The United States Supreme Court says that roadblocks are constitutional as long as they’re conducted lawfully. In the 1990 Michigan Department of State Police v. Sitz case, the U.S. Supreme Court gave drunk driving roadblocks the green light as long as the police don’t conduct them in a discriminatory way.
The court said that roadblocks cause minimal delays and that they have the potential to save lives. The court noted that any intrusions for a driver beyond minimal questions get greater scrutiny when it comes to Fourth Amendment protections from unlawful search and seizure.
What Happens If I Don’t Stop at the Roadblock?
If you don’t stop at the roadblock, you can be arrested. Nevada law 484B.580 says that it’s unlawful to proceed through a DUI roadblock without stopping. Even if no one gets hurt, it’s a gross misdemeanor to travel through a roadblock without stopping.

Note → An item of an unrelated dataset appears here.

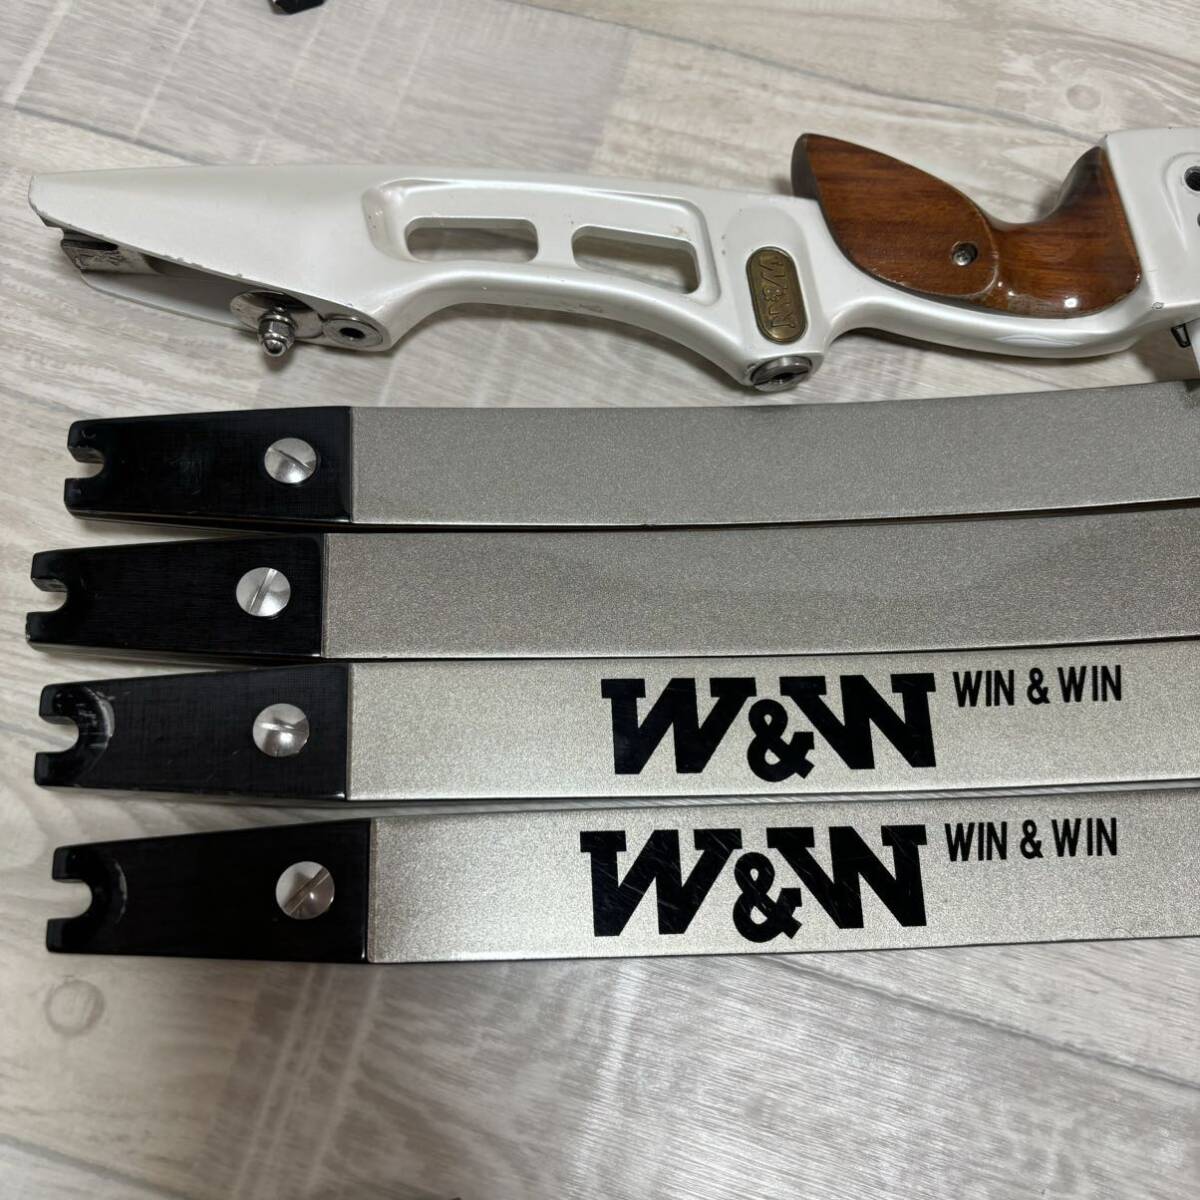 W&W/WIN&WIN archery steering wheel complete set case attaching

If someone gets hurt or you damage property, failing to stop at a roadblock is a category B misdemeanor that can result in up to six years in prison.
Can I Leave a Roadblock?
If you have a lawful way to exit the path of travel before you arrive at the roadblock, you’re free to exit. However, you can’t break traffic laws to get away from the roadblock. If you can lawfully turn, you can divert your vehicle away so that you never even get to the roadblock.
What Should I Do If I’m Stopped at a Roadblock?
Your best bet is to comply with Nevada law at all times. Nevada law prohibits driving under the influence of alcohol or driving with an alcohol level of .08 or higher per 210 liters of breath, or .04 for commercial drivers. It’s also illegal to drive under the influence of drugs.
When you’re at a roadblock, you may answer the officer’s questions, but you don’t have to. How you handle it is up to you. When you’re stopped by the police in Las Vegas, you must present your license, insurance, and registration.
However, you have a right to protect yourself against self-incrimination under the Fifth Amendment to the U.S. Constitution. You can refuse to answer the officer’s questions, and that should be legally defensible, but you can also try the strategy of politely answering the officer’s questions in hopes of making the stop as short as possible. There hasn’t been a Nevada Supreme Court case yet that involves a scenario where someone refused to answer any questions at a checkpoint.
Can I Just Put My License in a Plastic Bag and Put It Outside the Window?
You might wonder if you even have to roll down your window. You might have seen videos on the internet that suggest you should place your license in a plastic bag outside of the car window and refuse to roll down your window any further. It’s unclear whether it works in Nevada to put your license in a plastic bag and slide it through a crack in the window.
In Nevada, there is no test case where the Nevada Supreme Court has discussed how a driver must behave at a DUI checkpoint. Also, there’s nothing in the laws about checkpoints that speak to what drivers must do at a checkpoint. Until there’s a case challenging it, it’s still unclear about what happens when a person refuses to answer questions at all or sticks their paperwork in a plastic bag out the window.
How Can a Traffic Ticket Attorney in Las Vegas Help?
If you’ve been arrested at a DUI checkpoint, if you’ve been charged with failing to stop at a DUI checkpoint or you’ve been involved in a traffic crash, you will likely want to work with an attorney. A traffic ticket lawyer can help you evaluate the DUI checkpoint to see if it was lawful.
Even if it was lawful, the police might have exceeded their authority in questioning or in detaining you for additional investigation. When you’re facing a criminal charge, it’s important to look at all aspects of the offense to pursue every avenue to build your case and assert defenses.